*** SOURCE DATA
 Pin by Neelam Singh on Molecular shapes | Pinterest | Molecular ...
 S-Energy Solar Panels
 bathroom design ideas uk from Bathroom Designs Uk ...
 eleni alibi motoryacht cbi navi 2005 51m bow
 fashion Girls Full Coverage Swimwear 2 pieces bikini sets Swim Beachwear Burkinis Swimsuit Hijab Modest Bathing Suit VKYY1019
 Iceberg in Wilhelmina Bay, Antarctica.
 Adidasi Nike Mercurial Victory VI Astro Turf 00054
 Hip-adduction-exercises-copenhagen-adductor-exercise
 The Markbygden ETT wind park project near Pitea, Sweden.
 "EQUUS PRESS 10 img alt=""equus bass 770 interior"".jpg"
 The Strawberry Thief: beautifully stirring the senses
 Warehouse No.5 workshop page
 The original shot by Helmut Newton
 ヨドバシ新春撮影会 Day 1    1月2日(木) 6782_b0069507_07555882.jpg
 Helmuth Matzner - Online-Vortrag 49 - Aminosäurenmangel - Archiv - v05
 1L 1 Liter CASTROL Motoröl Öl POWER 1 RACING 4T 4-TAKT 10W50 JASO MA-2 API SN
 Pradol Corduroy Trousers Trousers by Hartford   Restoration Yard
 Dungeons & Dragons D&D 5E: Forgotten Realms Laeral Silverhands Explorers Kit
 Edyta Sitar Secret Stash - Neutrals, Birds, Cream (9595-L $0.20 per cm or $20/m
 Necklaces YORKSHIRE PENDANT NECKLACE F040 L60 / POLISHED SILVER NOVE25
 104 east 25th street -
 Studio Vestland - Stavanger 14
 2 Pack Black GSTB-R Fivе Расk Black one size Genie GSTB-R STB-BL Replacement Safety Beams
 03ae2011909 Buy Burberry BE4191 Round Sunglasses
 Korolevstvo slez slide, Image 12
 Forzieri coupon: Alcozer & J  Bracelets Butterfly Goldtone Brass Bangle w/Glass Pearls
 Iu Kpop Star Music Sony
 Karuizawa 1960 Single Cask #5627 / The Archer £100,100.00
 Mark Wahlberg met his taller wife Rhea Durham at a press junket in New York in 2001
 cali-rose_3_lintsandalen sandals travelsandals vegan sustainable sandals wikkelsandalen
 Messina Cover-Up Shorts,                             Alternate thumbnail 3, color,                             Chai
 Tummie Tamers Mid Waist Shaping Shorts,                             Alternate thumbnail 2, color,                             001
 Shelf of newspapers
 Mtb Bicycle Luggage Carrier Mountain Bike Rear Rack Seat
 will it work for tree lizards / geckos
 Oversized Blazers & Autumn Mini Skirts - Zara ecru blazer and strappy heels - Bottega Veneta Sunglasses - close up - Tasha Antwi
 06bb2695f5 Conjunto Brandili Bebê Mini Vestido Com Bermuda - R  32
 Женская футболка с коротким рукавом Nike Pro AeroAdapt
******
WHAT YOU ARE ASKED TO DO.
Please return every line from the first one in the records above down to the line containing "03ae2011909 Buy Burberry", including both, exactly as written and nothing more.

OUTPUT BELOW.
 Pin by Neelam Singh on Molecular shapes | Pinterest | Molecular ...
 S-Energy Solar Panels
 bathroom design ideas uk from Bathroom Designs Uk ...
 eleni alibi motoryacht cbi navi 2005 51m bow
 fashion Girls Full Coverage Swimwear 2 pieces bikini sets Swim Beachwear Burkinis Swimsuit Hijab Modest Bathing Suit VKYY1019
 Iceberg in Wilhelmina Bay, Antarctica.
 Adidasi Nike Mercurial Victory VI Astro Turf 00054
 Hip-adduction-exercises-copenhagen-adductor-exercise
 The Markbygden ETT wind park project near Pitea, Sweden.
 "EQUUS PRESS 10 img alt=""equus bass 770 interior"".jpg"
 The Strawberry Thief: beautifully stirring the senses
 Warehouse No.5 workshop page
 The original shot by Helmut Newton
 ヨドバシ新春撮影会 Day 1    1月2日(木) 6782_b0069507_07555882.jpg
 Helmuth Matzner - Online-Vortrag 49 - Aminosäurenmangel - Archiv - v05
 1L 1 Liter CASTROL Motoröl Öl POWER 1 RACING 4T 4-TAKT 10W50 JASO MA-2 API SN
 Pradol Corduroy Trousers Trousers by Hartford   Restoration Yard
 Dungeons & Dragons D&D 5E: Forgotten Realms Laeral Silverhands Explorers Kit
 Edyta Sitar Secret Stash - Neutrals, Birds, Cream (9595-L $0.20 per cm or $20/m
 Necklaces YORKSHIRE PENDANT NECKLACE F040 L60 / POLISHED SILVER NOVE25
 104 east 25th street -
 Studio Vestland - Stavanger 14
 2 Pack Black GSTB-R Fivе Расk Black one size Genie GSTB-R STB-BL Replacement Safety Beams
 03ae2011909 Buy Burberry BE4191 Round Sunglasses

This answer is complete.